## [To do]
I would like every record reproduced exactly, with the pictures left out.

━━━━━ Extracted material

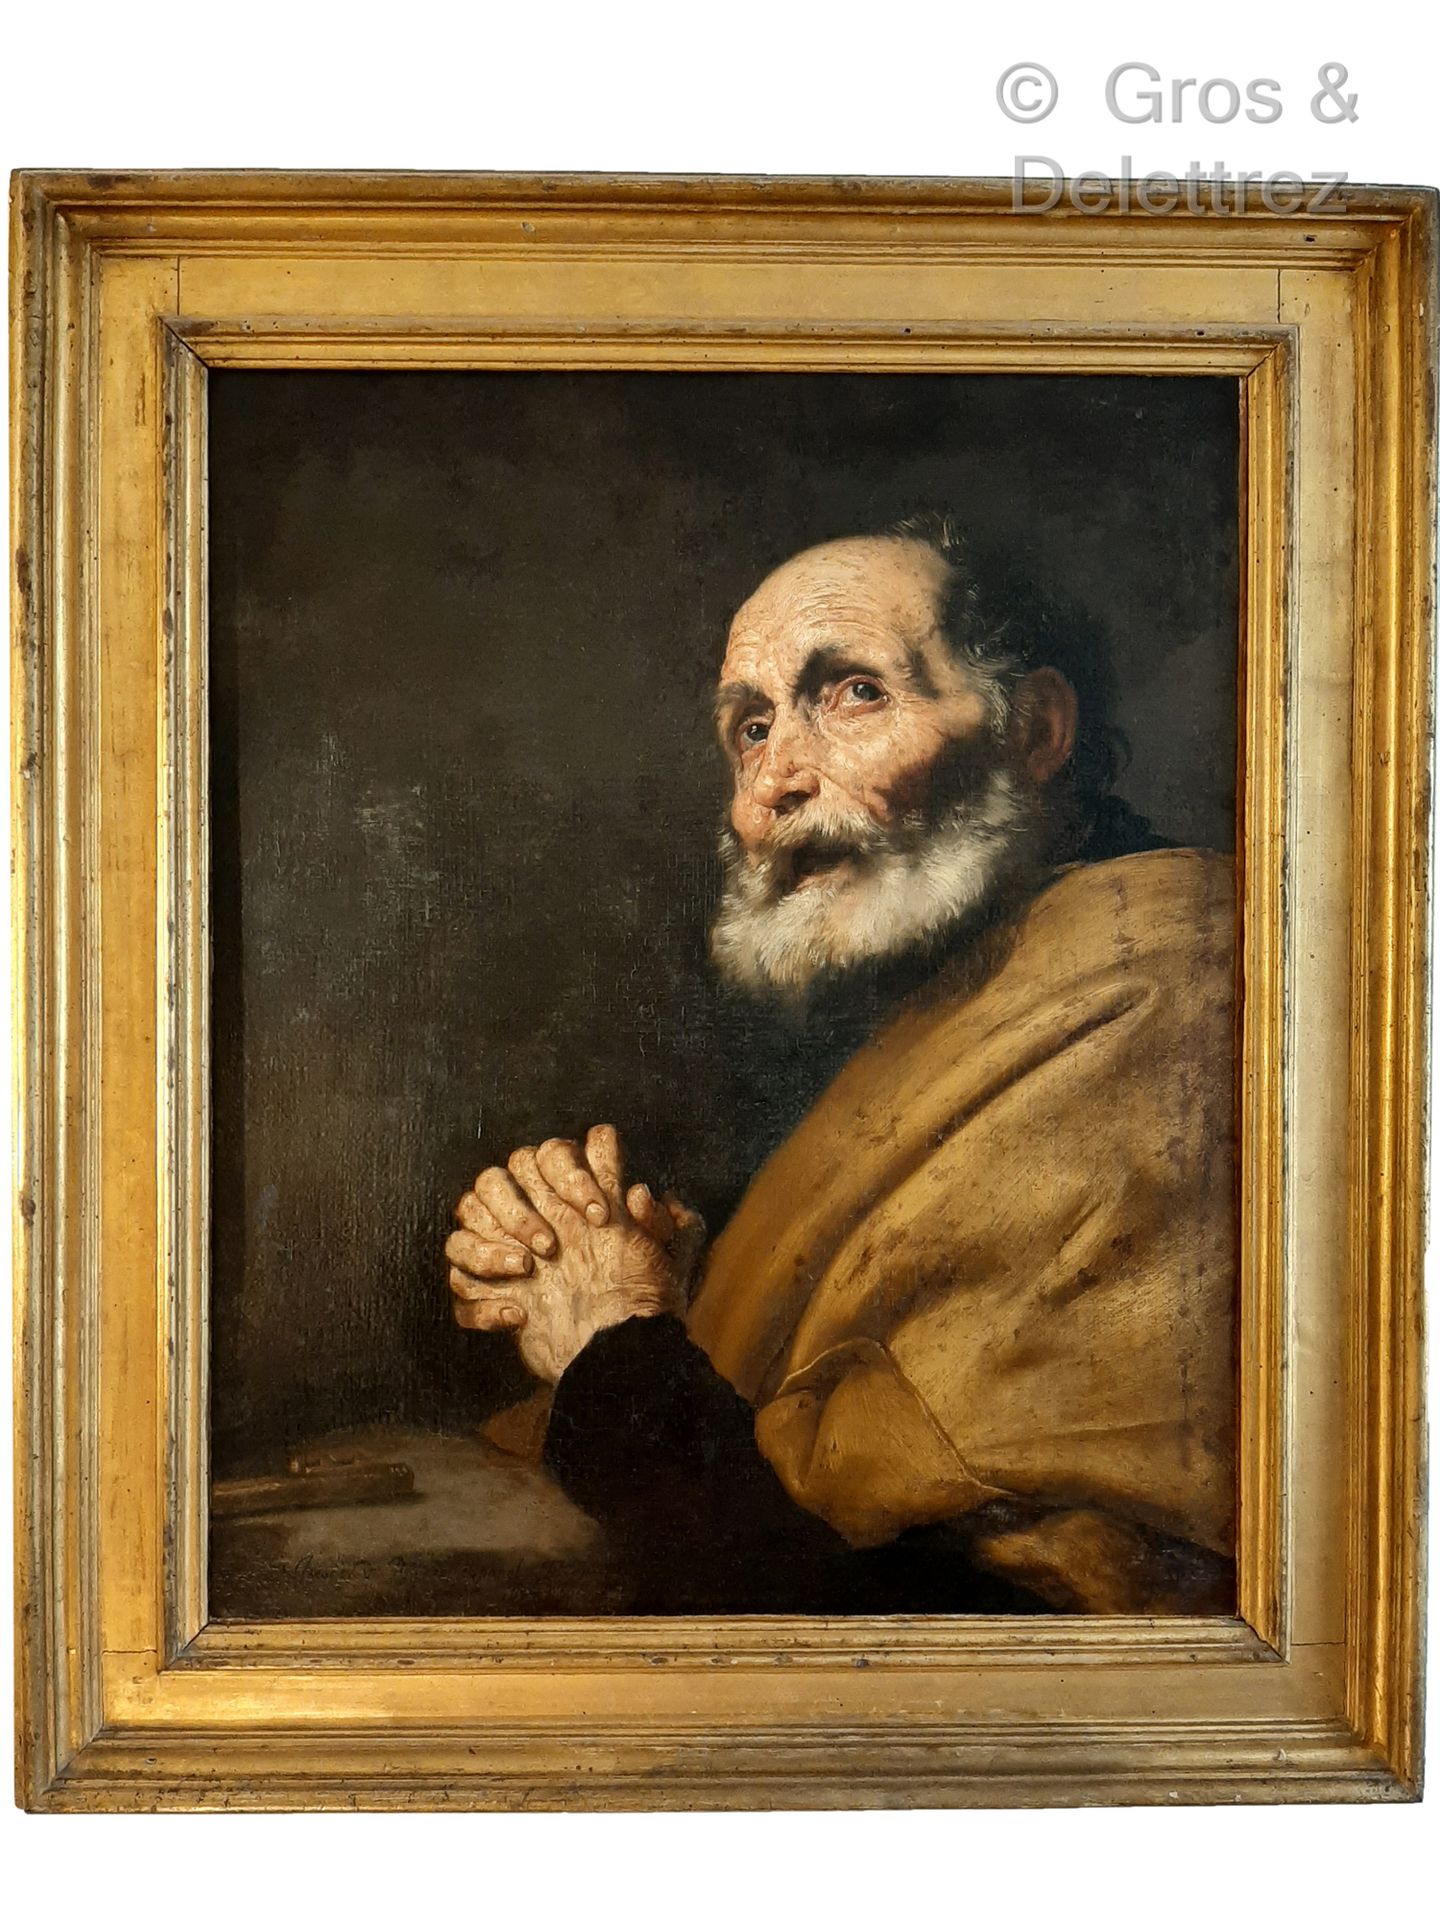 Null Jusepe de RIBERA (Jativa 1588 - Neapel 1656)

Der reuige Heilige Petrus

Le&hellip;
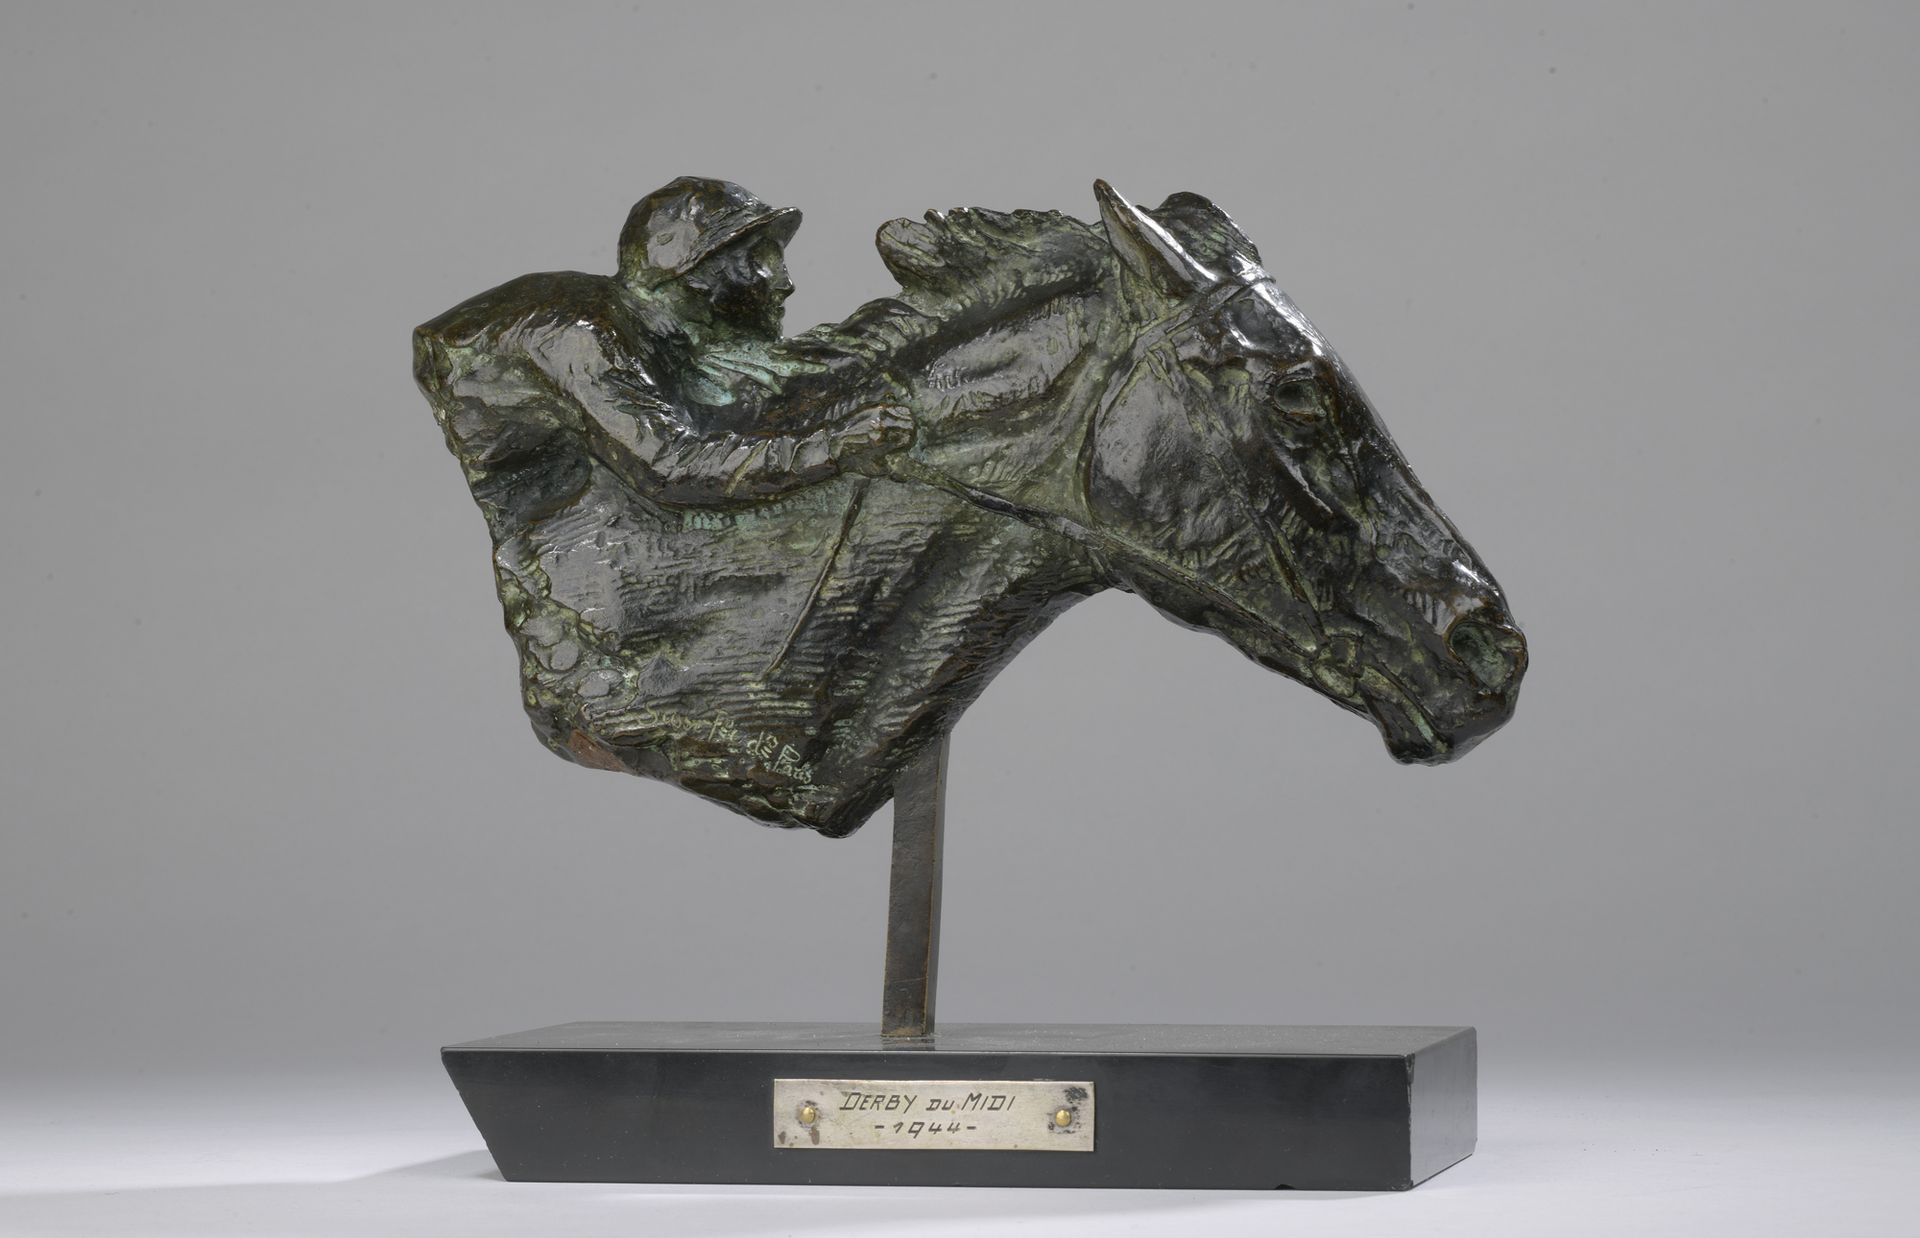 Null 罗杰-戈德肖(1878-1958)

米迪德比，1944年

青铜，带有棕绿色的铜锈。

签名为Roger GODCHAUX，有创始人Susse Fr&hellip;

━━━━━━━━━━

## [Your response]
 Null Jusepe de RIBERA (Jativa 1588 - Neapel 1656)

Der reuige Heilige Petrus

Le&hellip;
 Null 罗杰-戈德肖(1878-1958)

米迪德比，1944年

青铜，带有棕绿色的铜锈。

签名为Roger GODCHAUX，有创始人Susse Fr&hellip;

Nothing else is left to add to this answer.